A council spent more than £5,000 on fact-finding visits to do with waste disposal and travelled further than a round-the-world trip.

A group of Essex county councillors and officers clocked up roughly 28,189 miles on trips to China, Barcelona, Dusseldorf, Milan, Madrid, Hanover, Leicester and Tel Aviv between 2002 and 2007.

The equatorial circumference of the world is about 24,902 miles.

The list of visits was included in documentation for the authority's private finance initiative (PFI) project, which it hopes will secure £90 million in Government cash to invest in recycling and waste disposal over 25 years.

Rivenhall has been controversially included in the project as an example location for a waste-burning energy plant.

Information released through the Freedom of Information Act revealed that Essex County Council spent about £5,534.32 on the trips.
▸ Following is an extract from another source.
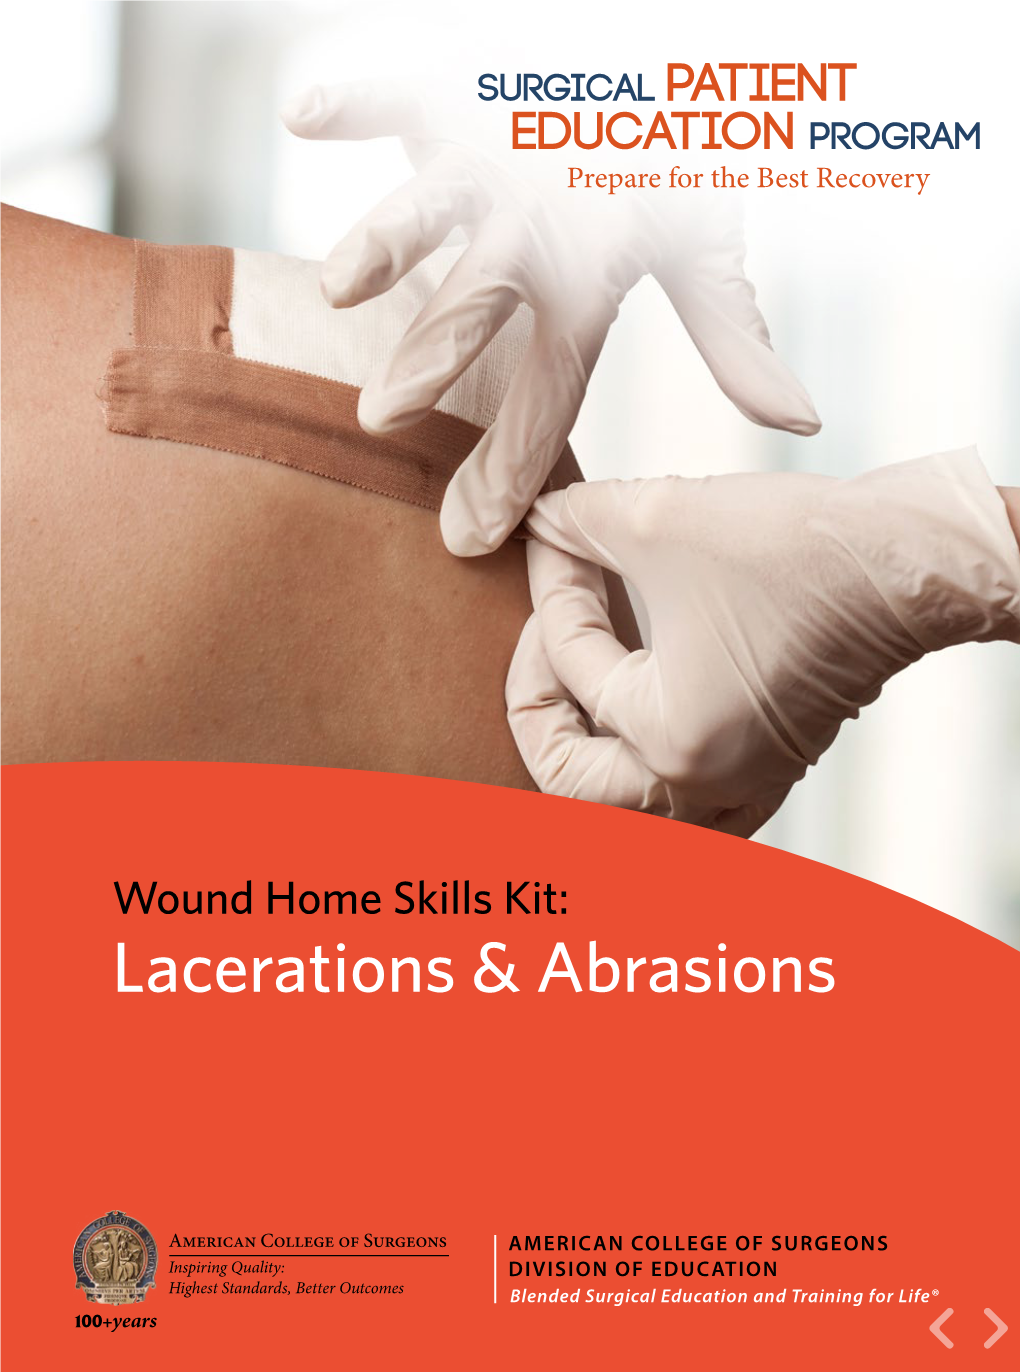 Wound Home Skills Kit: Lacerations and Abrasions

James Abbott, district councillor for Bradwell, Rivenhall and Silver End, and chairman of the Essex Green Party, said: "You don't necessarily need to do physical trips to all these places.

"It conflicts with all the talk of reducing carbon footprints and climate change."

A county council spokesman said: "Spending £5,534 over five years to make sure we get it right before millions are invested was felt justified, as the cost if we get it wrong will be far higher both financially and environmentally."

Nearly 450,000 tonnes of waste is sent to landfill every year in Essex, and the authority must look abroad for solutions other than landfill or mass-burn incineration, she said.

The spokesman said the China trip related to a visit by Graham Tombs, director for environment and commerce, to address a meeting of environmental specialists looking at waste management in Nanjing, where he spoke about Europe's approach and options other than landfill.